Online resources can help in the classroom. Teachers can show students YouTube videos on a screen. But it isn't clear how much laptops add. Google classroom (a web platform used in ACT schools) makes it easier for students to collaborate but there are other ways to collaborate. Google classroom also allows parents to tune into school assignments, but parents who care will find out anyway.
Ask any teacher what happens to technology provided by the school versus something bought at home, and they'll quickly tell you which one will get damaged the most quickly.
Remember Kevin Rudd's decision to give a laptop to every student in years 9 to 12? The rollout was slow, technology changed over time, teachers felt inadequately trained and in the end schools had to cough up their own money to maintain machines that kept breaking down.
Computers, tablets and laptops are not silver bullets to produce critical and creative thinkers for the 21st century. In the late 2000s, Duke University researchers Jacob Vigdor and Helen Ladd conducted one of the world's biggest studies on the effect of gaining a home computer on maths and reading scores. Not only was there no evidence that it helped scores, they said, but there was "statistically significant" evidence it sent them backwards.
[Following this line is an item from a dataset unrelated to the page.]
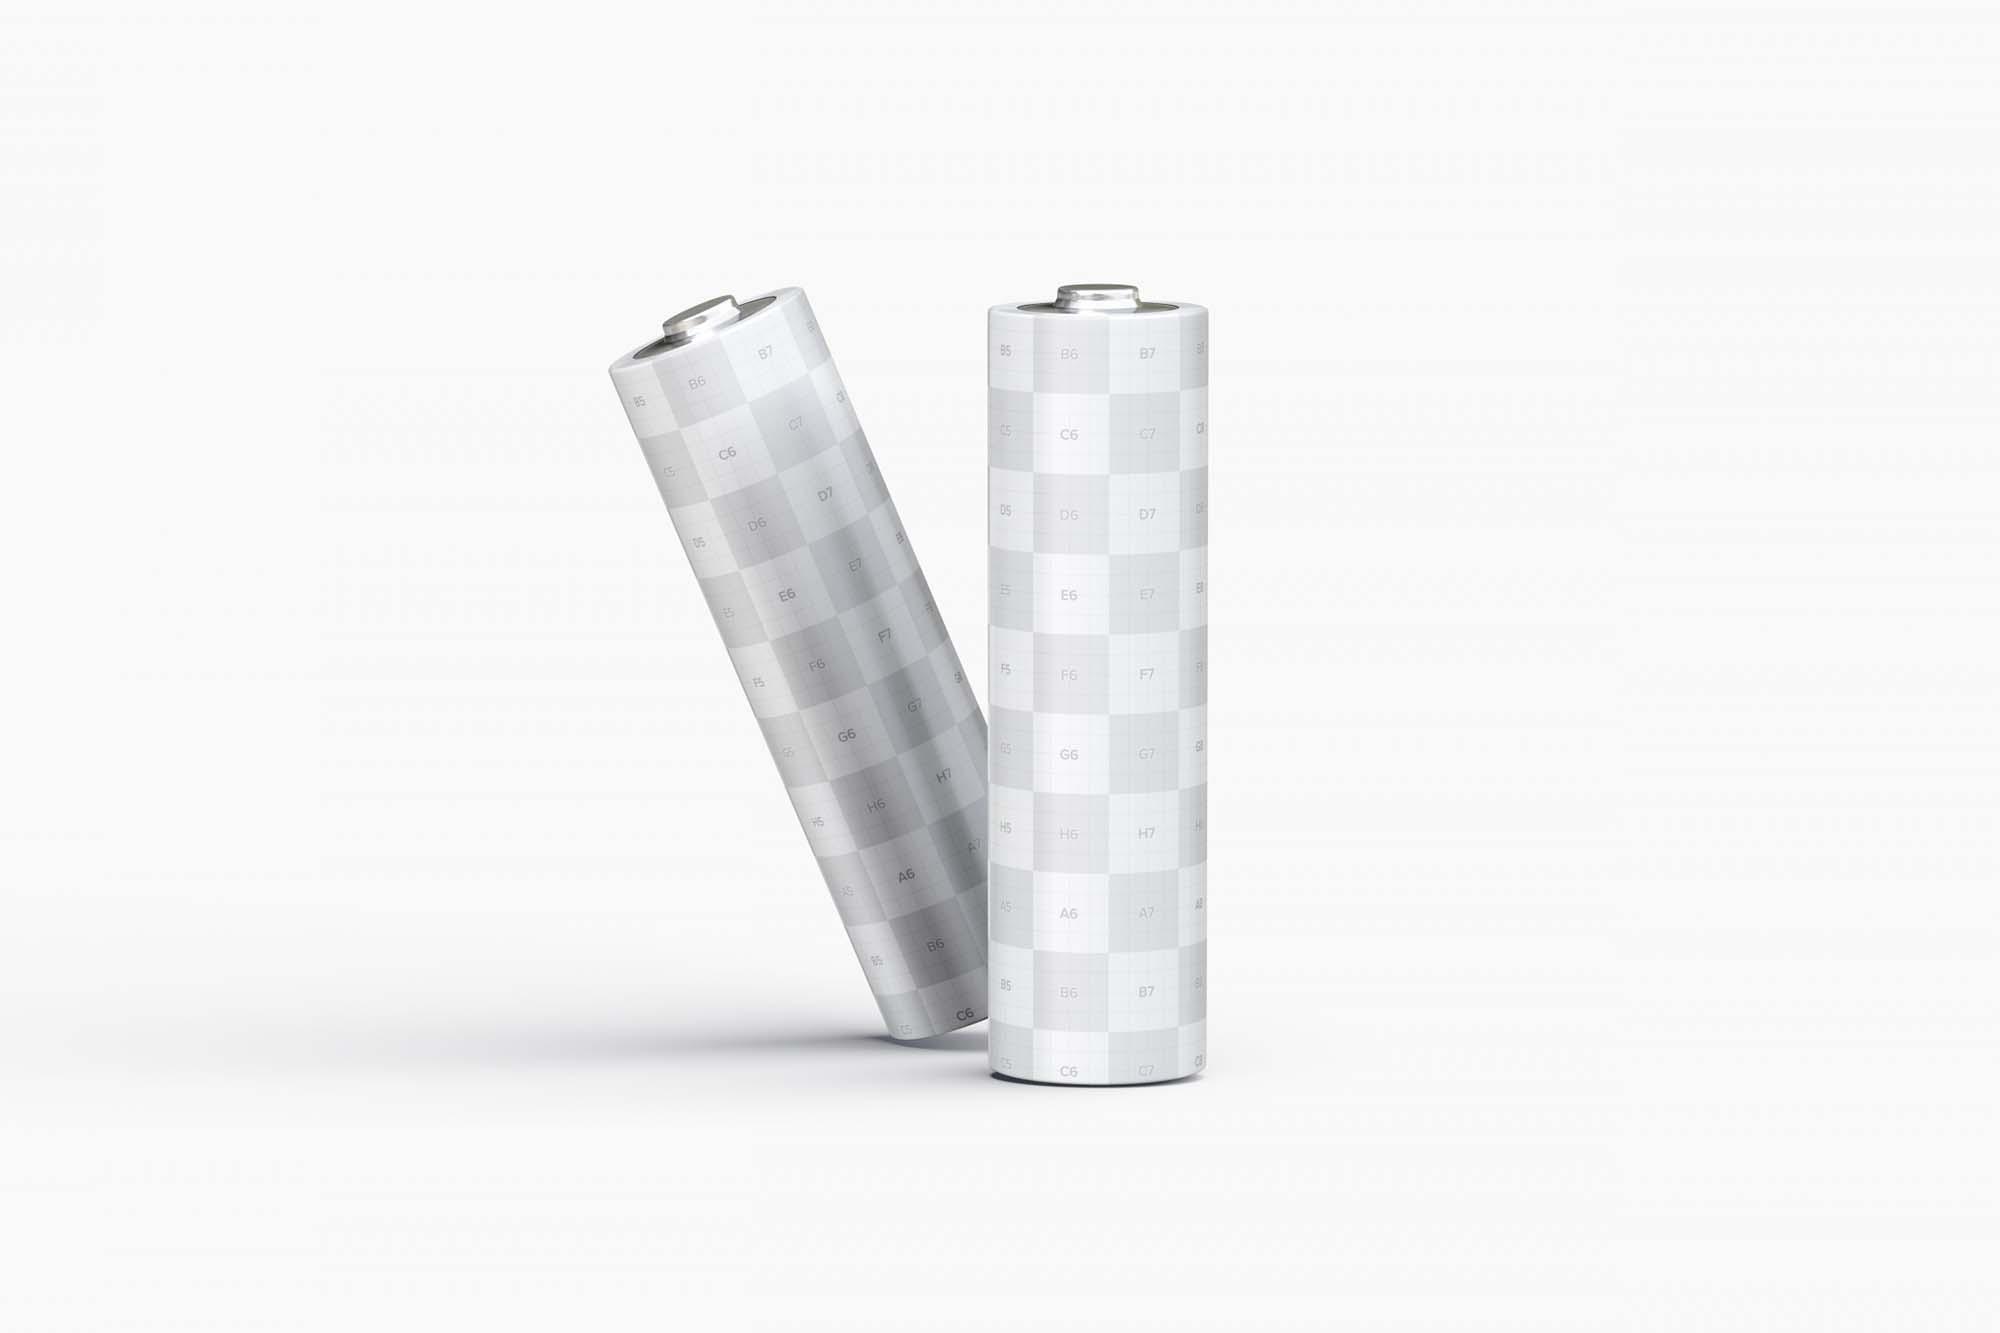 AA Batteries Mockup 2

While computers can help (with research for homework and the like) they can also hurt (by providing distractions such as social networking and gaming sites).
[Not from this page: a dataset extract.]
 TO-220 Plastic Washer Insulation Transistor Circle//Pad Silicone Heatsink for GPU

"I am not saying go out and burn all the computers. If you want to buy junior a computer with your own dollars, that's fine. If you make this decision that junior's momentary pleasure is worth a small loss in knowledge – go ahead," Vigdor told Fairfax Media at the time.
He added that it was another thing altogether to talk about spending public money on computers. "The justification for these policies when they are proposed is not to allow students to have a good time, it's to improve the way they perform at school," he said.
Reading on devices might even harm comprehension. In a 2014 study, "Is Google Making Us Stupid?", New Zealand researchers Val Hooper and Channa Herath found "definite differences between people's online and offline reading behaviours". They said we were likely to process words read from paper more deeply.
"Online reading has had a negative impact on people's cognition," they concluded. "Concentration, comprehension, absorption and recall rates were all much lower while reading online."
If there are studies that show pushing devices into classrooms and homes improves learning outcomes, it would be nice if the ACT pointed to it them, or even better did a comprehensive review of all of the studies to date and used it to guide what it did.
Until it does, it's reasonable to conclude that children and young people need good teaching and strong relationships with teachers more than they need so-called "infrastructure" that will become obsolete within a few years.